Bienvenue à Bouquinbourg

Blogueuse littéraire, un brin modeuse, surtout rêveuse, parfois créative, voyageuse à ses heures, yoga addict et buveuse de thé invétérée.

26 janvier 2012

Beignets de tomates vertes, Fannie Flagg

Beignets de tomates vertesBeignets de tomates vertes (Fried Green Tomatoes) est l'oeuvre la plus connue de la romancière et actrice américaine Fannie Flagg. Publiée la première fois en 1987, elle a été traduite en plusieurs langues et a fait l'objet d'une adaptation cinématographique par John Avnet en 1991.

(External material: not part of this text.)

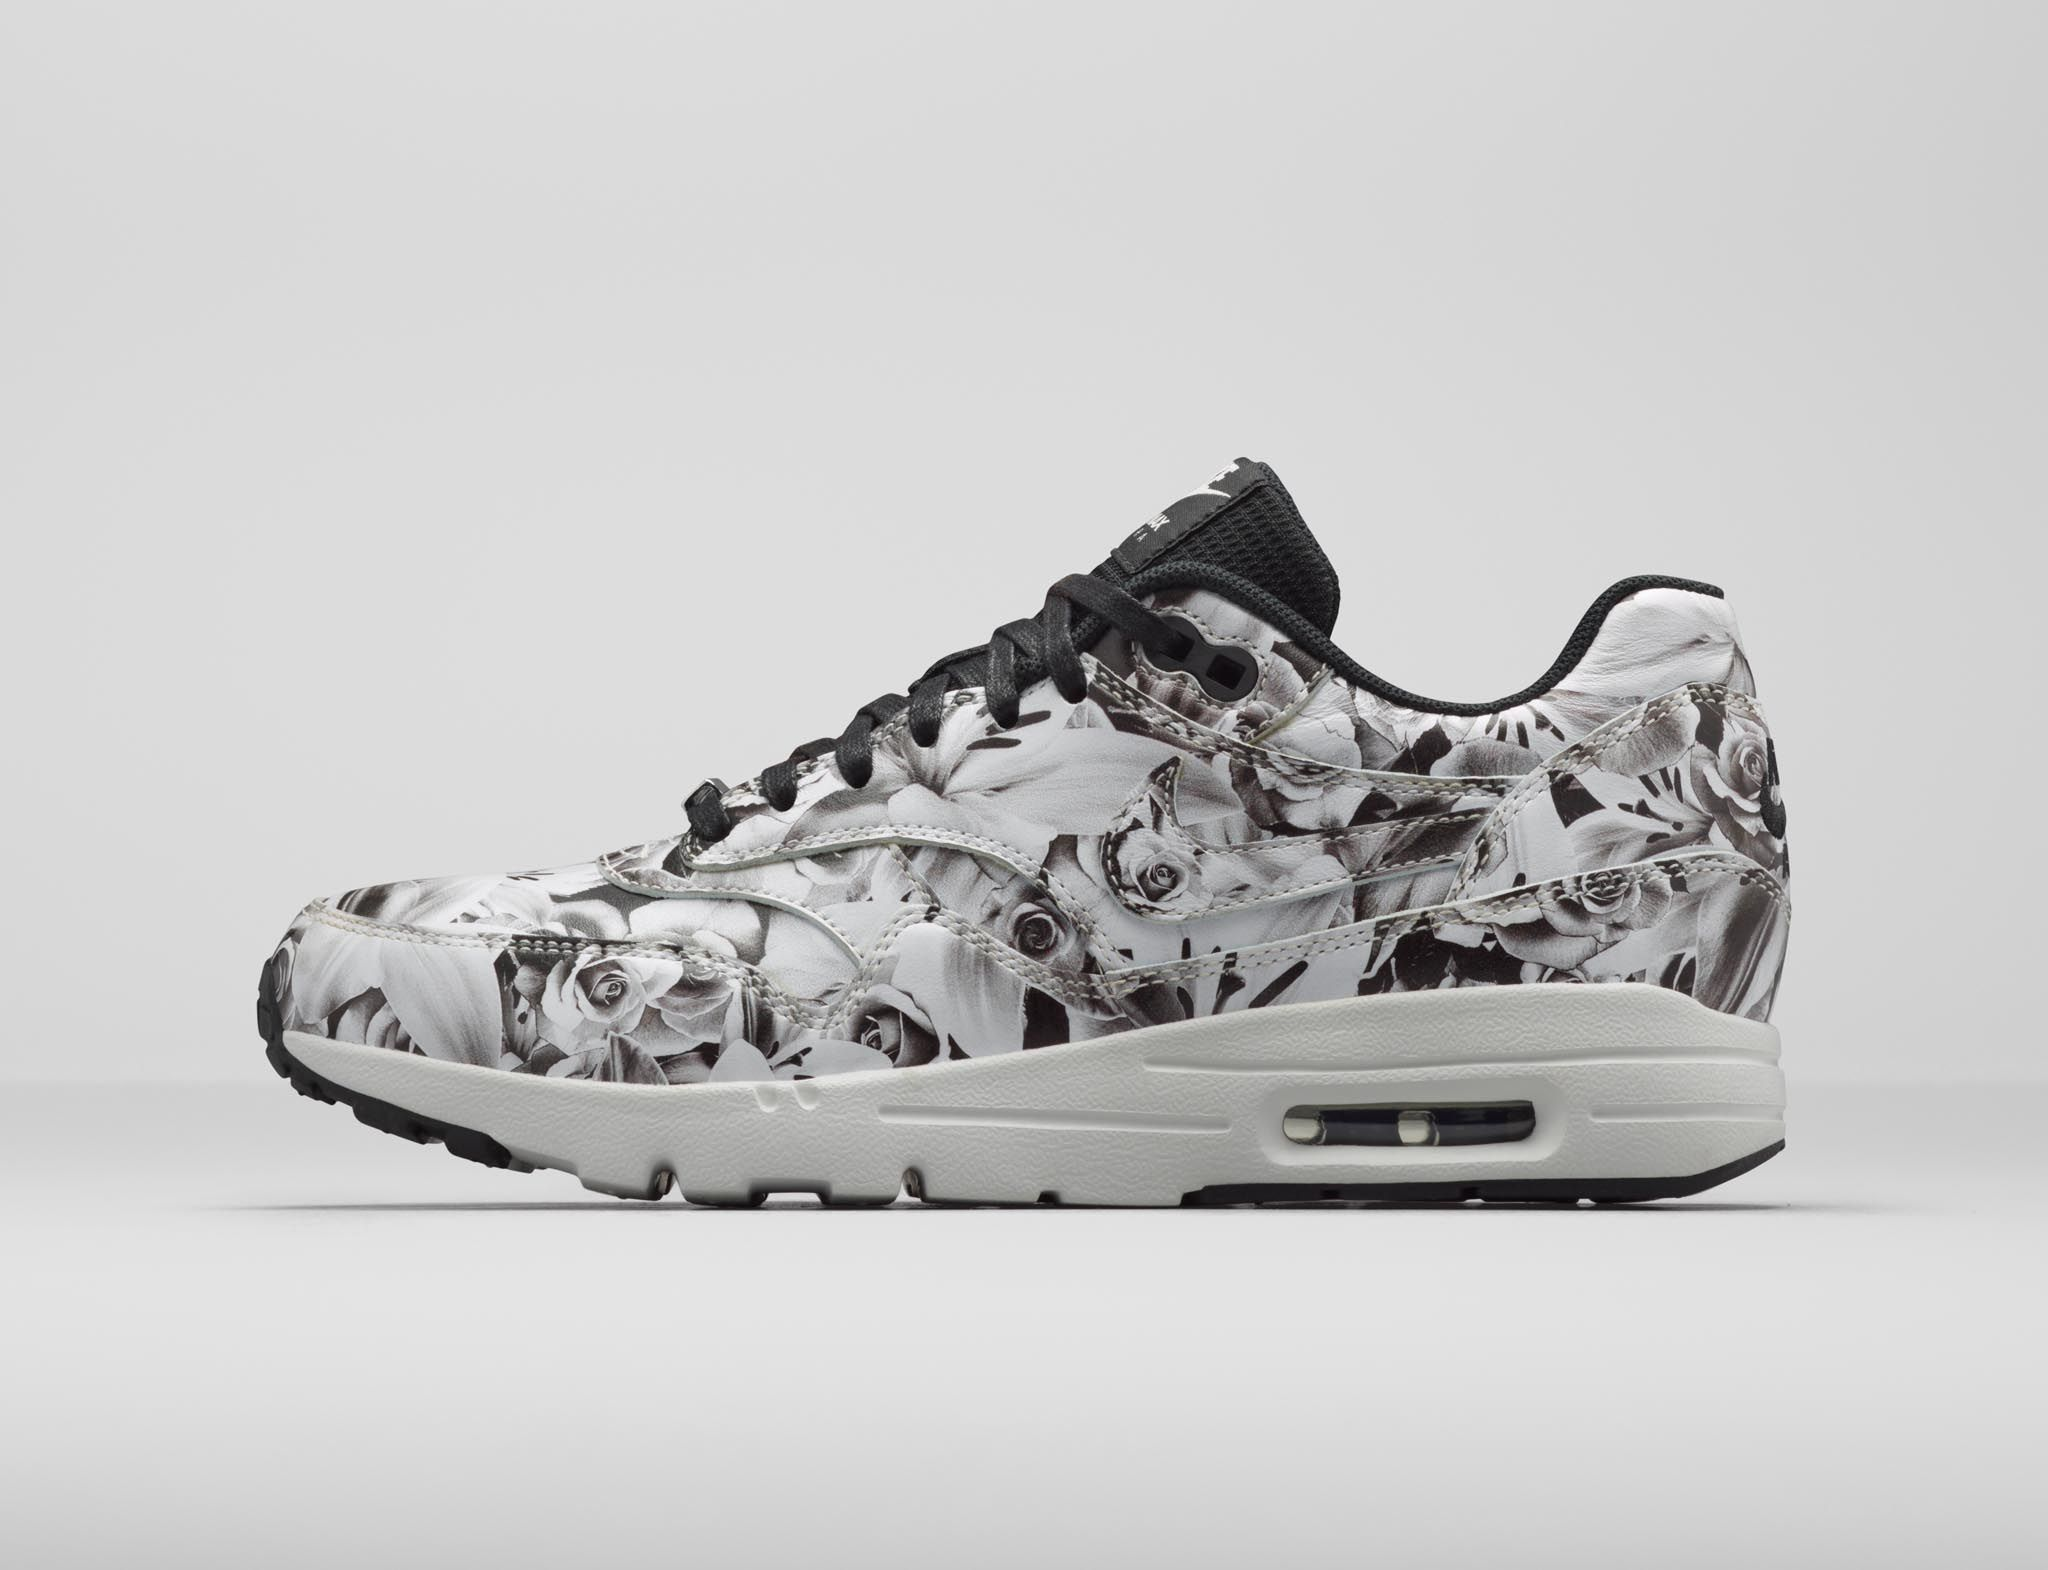 Nike Air Max 1 Hyperfuse Flores Blancas Y Negras

Evelyn Couch est une quinquagénaire dépressive et malheureuse. Lors d'une visite à sa belle-mère, dans la maison de retraite de Rose Terrace, elle fait la connaissance d'une des pensionnaires, Mrs. Threadgoode. Les deux femmes sympathisent et Mrs. Threadgoode, veuve et sans famille, fait revivre son passé en Alabama, dans la petite ville de Whistle Stop, avec ses habitants, et surtout son café. En 1929, lorsque l'établissement ouvre ses portes, les Noirs n'ont pas le droit d'y entrer, le Ku Klux Klan sévit et les lois raciales ont la dent dure. Mais Ruth et Idgie, qui tiennent le café, n'en ont cure ! Et la petite communauté s'entraide malgré les différences et les forts caractères.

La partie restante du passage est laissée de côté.